橋本陶正山 薩摩菊唐草文鼓花入 hashimoto, toshozan satsuma kiku-karakusa (arabesque with chrysanthemum flowers) drum-shaped vase

10.3㎝径×22.6㎝高

橋本陶正山 

陶正山窯は、橋本正蔵(号正山)が昭和4年、鹿児島氏に創立した。白薩摩を主に”一にも二にも素地作り”白薩摩の生命である陶肌の温か味と上品な地肌の完成と、美しい造形。妙味ある錦条と彩色の表現をめざし、茶道具を主に時代に即応した白薩摩の作陶に精進している。

薩摩焼とは

薩摩焼は、桃山末期の文禄・慶長の役(1592-1598)で朝鮮出兵した薩摩藩主島津義弘公が帰陣の際、同道した朝鮮の陶工達に領内数ヶ所に窯を築いて陶器を焼かせたことに始まる。

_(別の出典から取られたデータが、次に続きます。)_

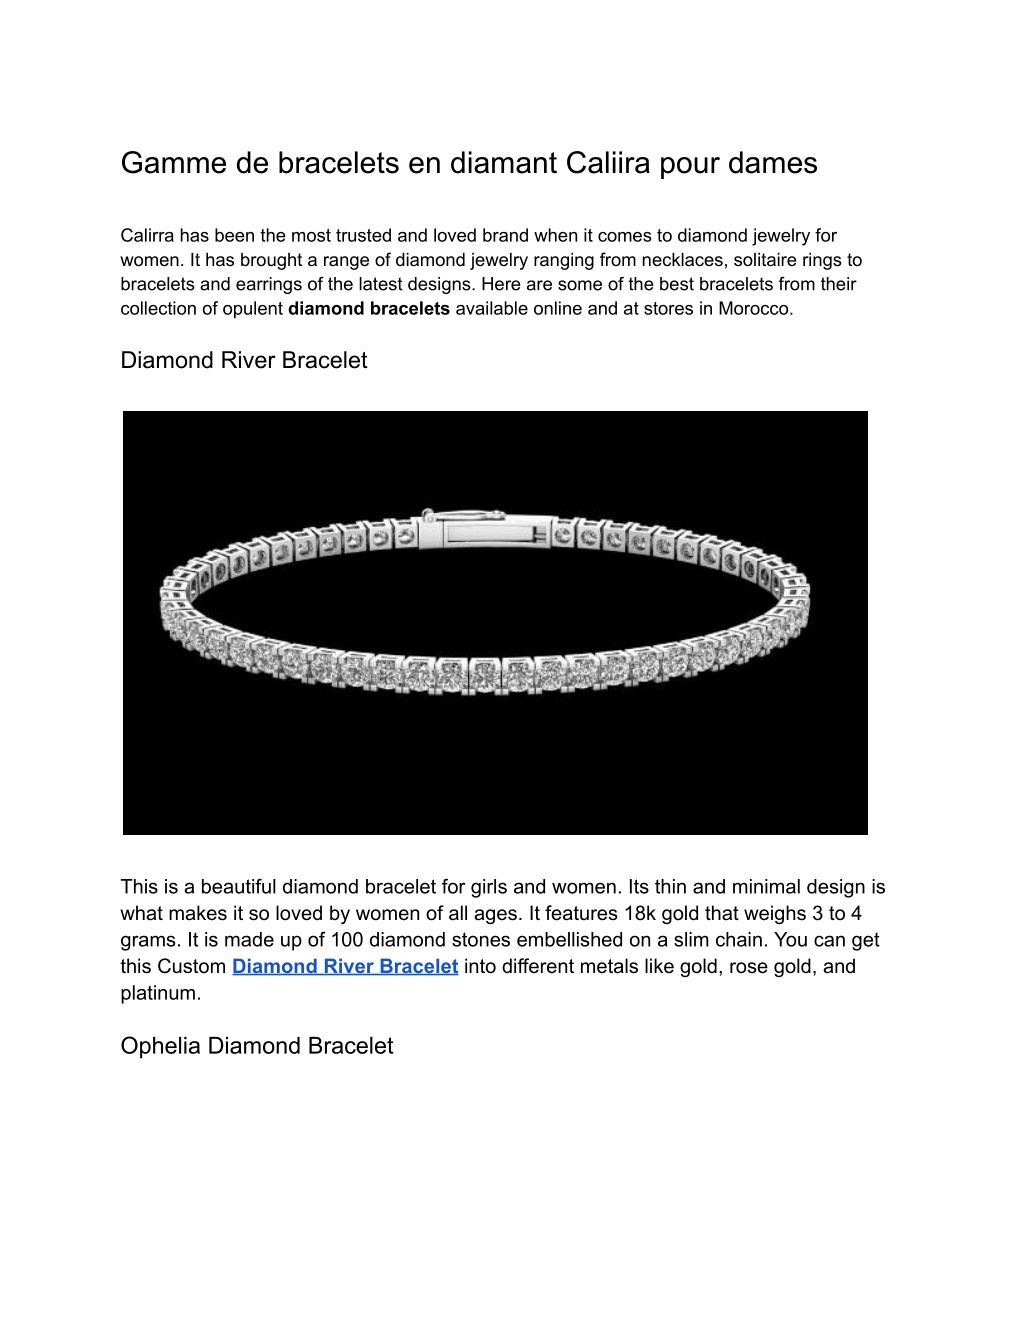 PPT - Gamme de bracelets en diamant Caliira pour dames PowerPoint ...
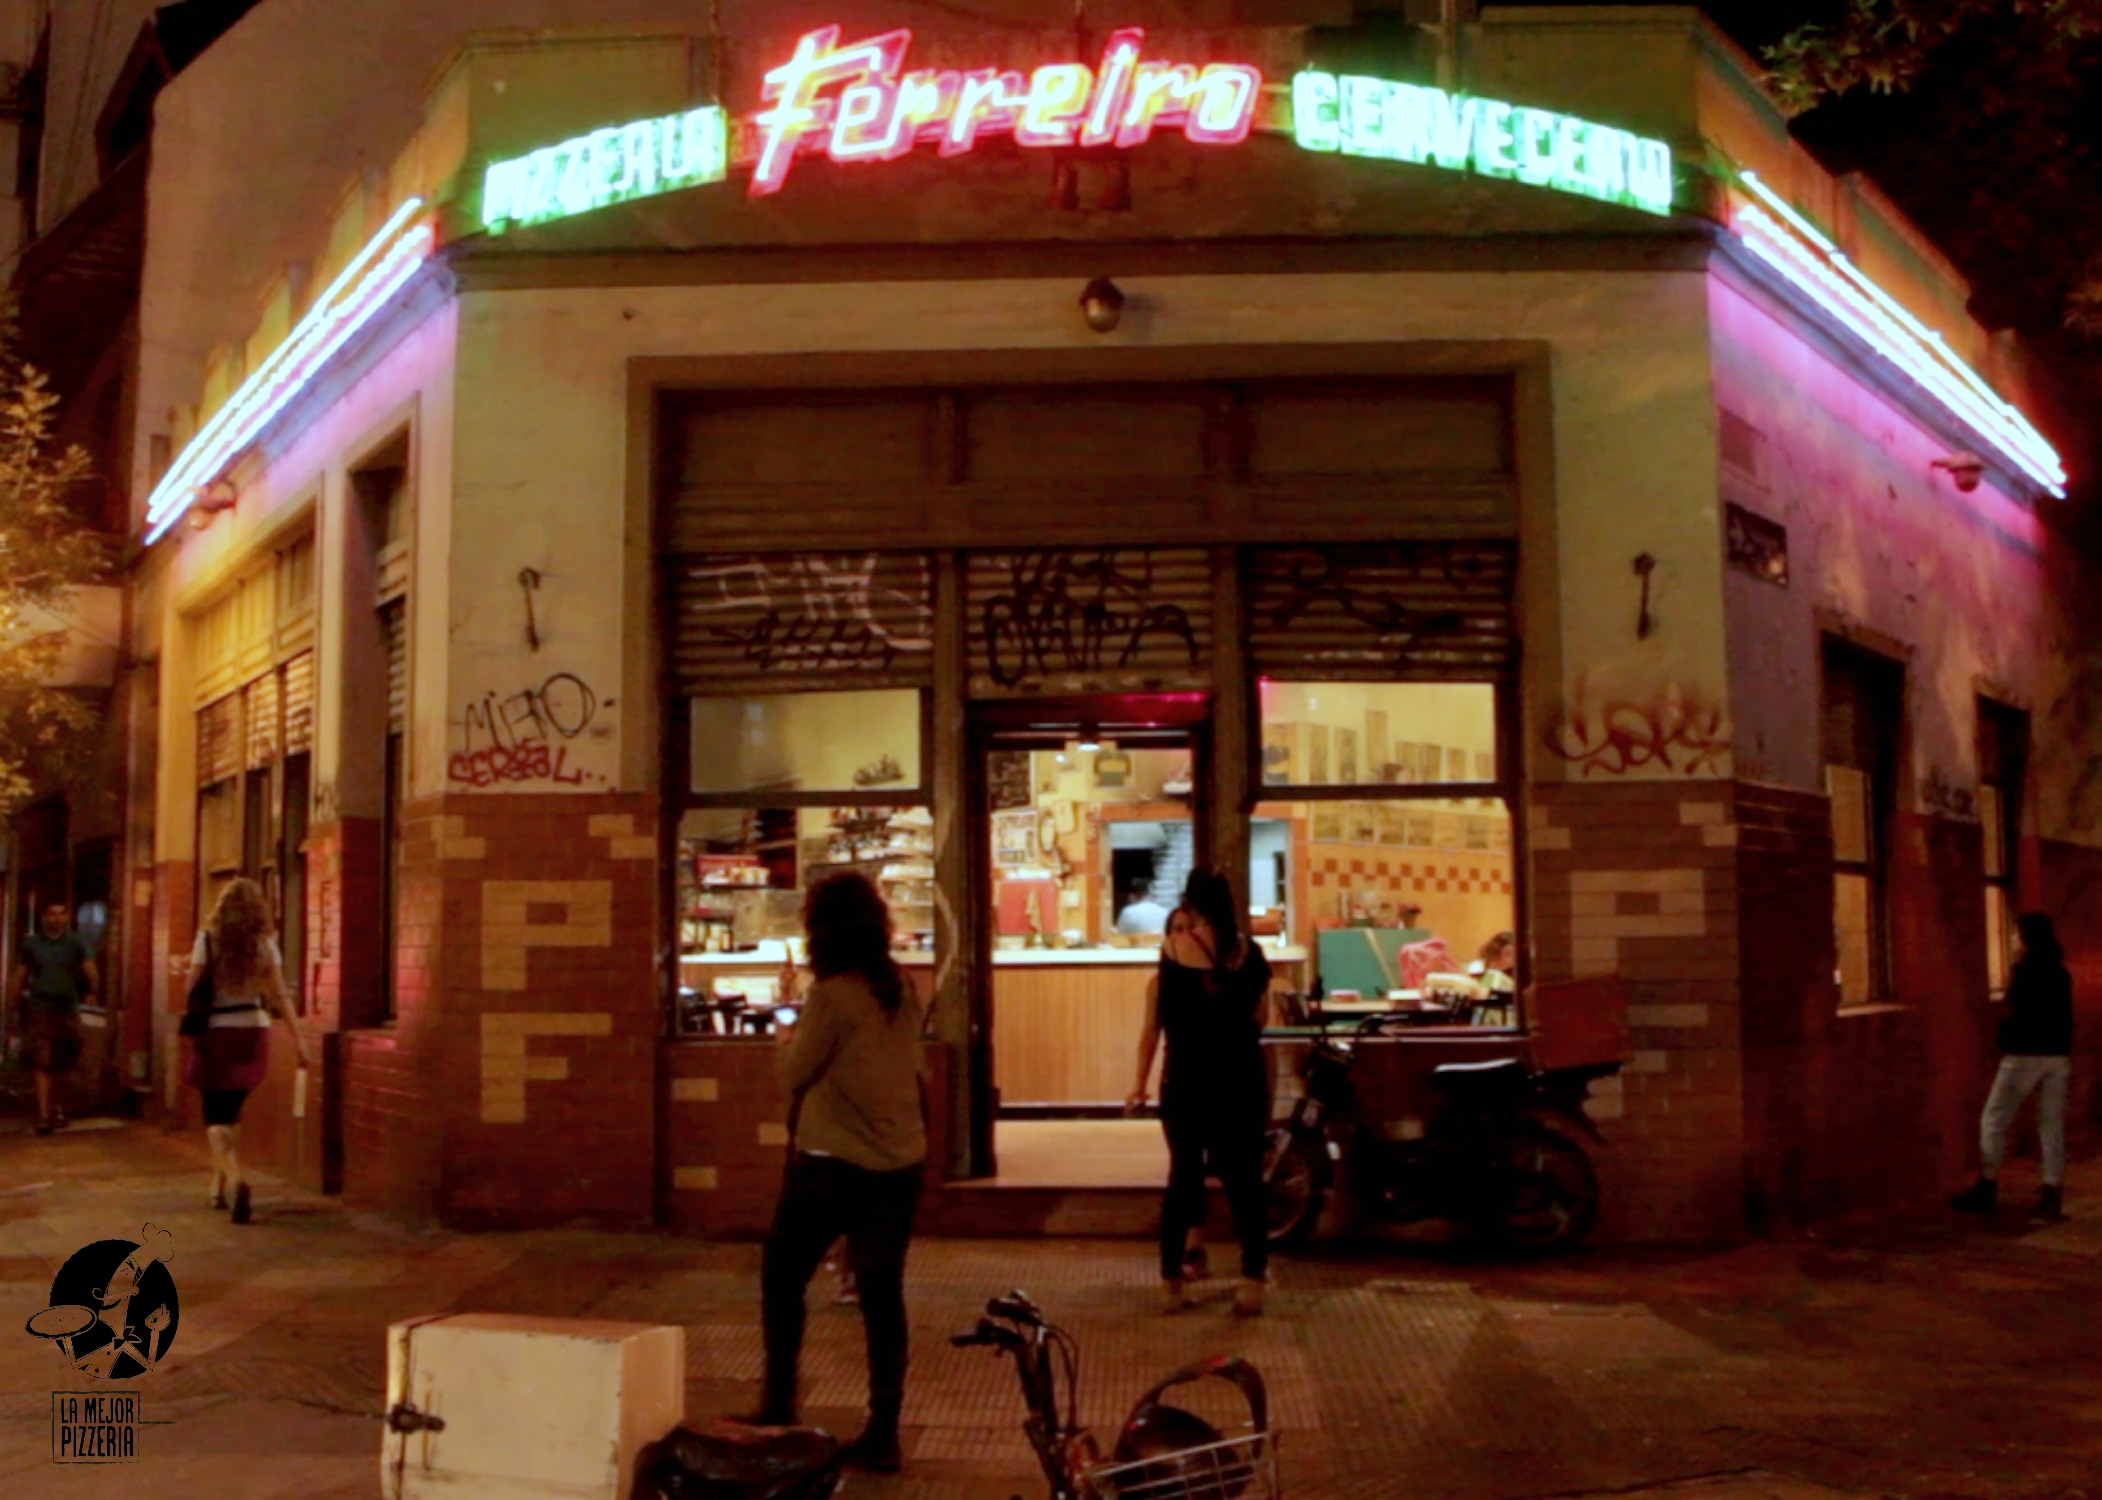 La famosa pizzería Ferreiro - La Mejor Pizzeria

初期は高麗陶の要素が強く反映したがその後藩主の庇護のもと、白色陶土に雅びな色絵金彩を施した白薩摩焼は幕府への献上品や藩主の御用窯として発展し、他方有色陶土に色釉を施した黒薩摩焼は、素朴・剛健な風合いで民陶として今日に至る。

象牙色の肌に細かいひび釉(貫入)の入った白薩摩は江戸末期になると京焼の影響を受けながらも優雅繊細な独自の錦手となり、自藩で産出する金をふんだんに用いた金襴手上絵が主流になり現在に引き継がれている。